Top of Given records

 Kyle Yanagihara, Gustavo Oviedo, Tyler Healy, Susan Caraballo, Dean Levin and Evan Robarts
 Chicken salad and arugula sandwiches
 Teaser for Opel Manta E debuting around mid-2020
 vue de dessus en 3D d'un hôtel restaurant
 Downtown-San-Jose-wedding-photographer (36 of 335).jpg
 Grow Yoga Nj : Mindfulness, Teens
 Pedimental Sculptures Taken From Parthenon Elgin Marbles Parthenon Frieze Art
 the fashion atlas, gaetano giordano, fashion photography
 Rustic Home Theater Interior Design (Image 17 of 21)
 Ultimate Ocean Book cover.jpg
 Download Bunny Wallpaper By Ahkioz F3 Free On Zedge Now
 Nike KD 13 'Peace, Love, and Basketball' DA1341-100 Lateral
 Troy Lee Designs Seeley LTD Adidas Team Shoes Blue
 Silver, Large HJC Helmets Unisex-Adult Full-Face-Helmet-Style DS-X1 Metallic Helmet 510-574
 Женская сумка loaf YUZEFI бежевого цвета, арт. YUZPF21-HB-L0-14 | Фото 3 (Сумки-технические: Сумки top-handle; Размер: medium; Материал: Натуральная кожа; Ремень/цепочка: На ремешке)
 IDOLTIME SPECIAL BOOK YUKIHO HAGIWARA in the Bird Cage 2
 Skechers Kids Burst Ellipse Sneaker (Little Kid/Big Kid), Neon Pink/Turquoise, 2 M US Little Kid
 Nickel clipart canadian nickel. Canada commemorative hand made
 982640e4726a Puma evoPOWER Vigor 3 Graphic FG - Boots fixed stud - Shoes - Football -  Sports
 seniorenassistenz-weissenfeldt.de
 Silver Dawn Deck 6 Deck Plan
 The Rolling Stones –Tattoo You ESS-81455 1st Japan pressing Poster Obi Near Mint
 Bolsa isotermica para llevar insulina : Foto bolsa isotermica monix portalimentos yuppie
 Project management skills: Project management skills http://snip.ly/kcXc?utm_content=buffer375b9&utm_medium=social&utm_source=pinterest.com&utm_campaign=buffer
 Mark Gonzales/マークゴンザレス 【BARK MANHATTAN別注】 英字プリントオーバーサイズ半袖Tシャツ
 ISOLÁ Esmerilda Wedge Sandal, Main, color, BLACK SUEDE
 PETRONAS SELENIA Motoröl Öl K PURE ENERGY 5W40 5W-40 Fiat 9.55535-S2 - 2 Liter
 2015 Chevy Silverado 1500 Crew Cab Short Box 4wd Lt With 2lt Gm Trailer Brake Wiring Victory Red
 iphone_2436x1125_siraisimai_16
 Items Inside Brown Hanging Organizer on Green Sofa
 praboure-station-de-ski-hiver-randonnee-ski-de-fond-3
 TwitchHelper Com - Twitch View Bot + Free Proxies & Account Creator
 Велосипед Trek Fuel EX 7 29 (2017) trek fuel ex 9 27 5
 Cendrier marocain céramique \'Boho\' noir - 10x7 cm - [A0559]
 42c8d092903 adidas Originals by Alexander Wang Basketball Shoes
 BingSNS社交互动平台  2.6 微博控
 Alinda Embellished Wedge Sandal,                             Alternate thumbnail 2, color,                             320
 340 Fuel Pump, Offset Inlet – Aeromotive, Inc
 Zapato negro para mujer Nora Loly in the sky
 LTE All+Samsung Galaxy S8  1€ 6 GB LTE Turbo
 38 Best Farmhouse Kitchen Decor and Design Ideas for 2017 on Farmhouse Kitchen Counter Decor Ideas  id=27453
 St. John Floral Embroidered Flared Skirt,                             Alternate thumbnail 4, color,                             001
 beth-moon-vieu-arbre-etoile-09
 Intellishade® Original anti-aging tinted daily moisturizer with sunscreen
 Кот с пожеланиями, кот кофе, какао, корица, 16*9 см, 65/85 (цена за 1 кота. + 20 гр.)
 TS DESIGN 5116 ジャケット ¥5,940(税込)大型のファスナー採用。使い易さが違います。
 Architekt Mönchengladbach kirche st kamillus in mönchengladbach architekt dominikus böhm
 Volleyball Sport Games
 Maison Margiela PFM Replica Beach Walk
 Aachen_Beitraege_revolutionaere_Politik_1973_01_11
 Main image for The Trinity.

Bottom of Given records

Task to carry out → Only the lines above starting at the one containing "2015 Chevy Silverado" and ending at the one containing "Architekt Mönchengladbach kirche", both included, are to be returned, exactly as they read.

Answer below →
 2015 Chevy Silverado 1500 Crew Cab Short Box 4wd Lt With 2lt Gm Trailer Brake Wiring Victory Red
 iphone_2436x1125_siraisimai_16
 Items Inside Brown Hanging Organizer on Green Sofa
 praboure-station-de-ski-hiver-randonnee-ski-de-fond-3
 TwitchHelper Com - Twitch View Bot + Free Proxies & Account Creator
 Велосипед Trek Fuel EX 7 29 (2017) trek fuel ex 9 27 5
 Cendrier marocain céramique \'Boho\' noir - 10x7 cm - [A0559]
 42c8d092903 adidas Originals by Alexander Wang Basketball Shoes
 BingSNS社交互动平台  2.6 微博控
 Alinda Embellished Wedge Sandal,                             Alternate thumbnail 2, color,                             320
 340 Fuel Pump, Offset Inlet – Aeromotive, Inc
 Zapato negro para mujer Nora Loly in the sky
 LTE All+Samsung Galaxy S8  1€ 6 GB LTE Turbo
 38 Best Farmhouse Kitchen Decor and Design Ideas for 2017 on Farmhouse Kitchen Counter Decor Ideas  id=27453
 St. John Floral Embroidered Flared Skirt,                             Alternate thumbnail 4, color,                             001
 beth-moon-vieu-arbre-etoile-09
 Intellishade® Original anti-aging tinted daily moisturizer with sunscreen
 Кот с пожеланиями, кот кофе, какао, корица, 16*9 см, 65/85 (цена за 1 кота. + 20 гр.)
 TS DESIGN 5116 ジャケット ¥5,940(税込)大型のファスナー採用。使い易さが違います。
 Architekt Mönchengladbach kirche st kamillus in mönchengladbach architekt dominikus böhm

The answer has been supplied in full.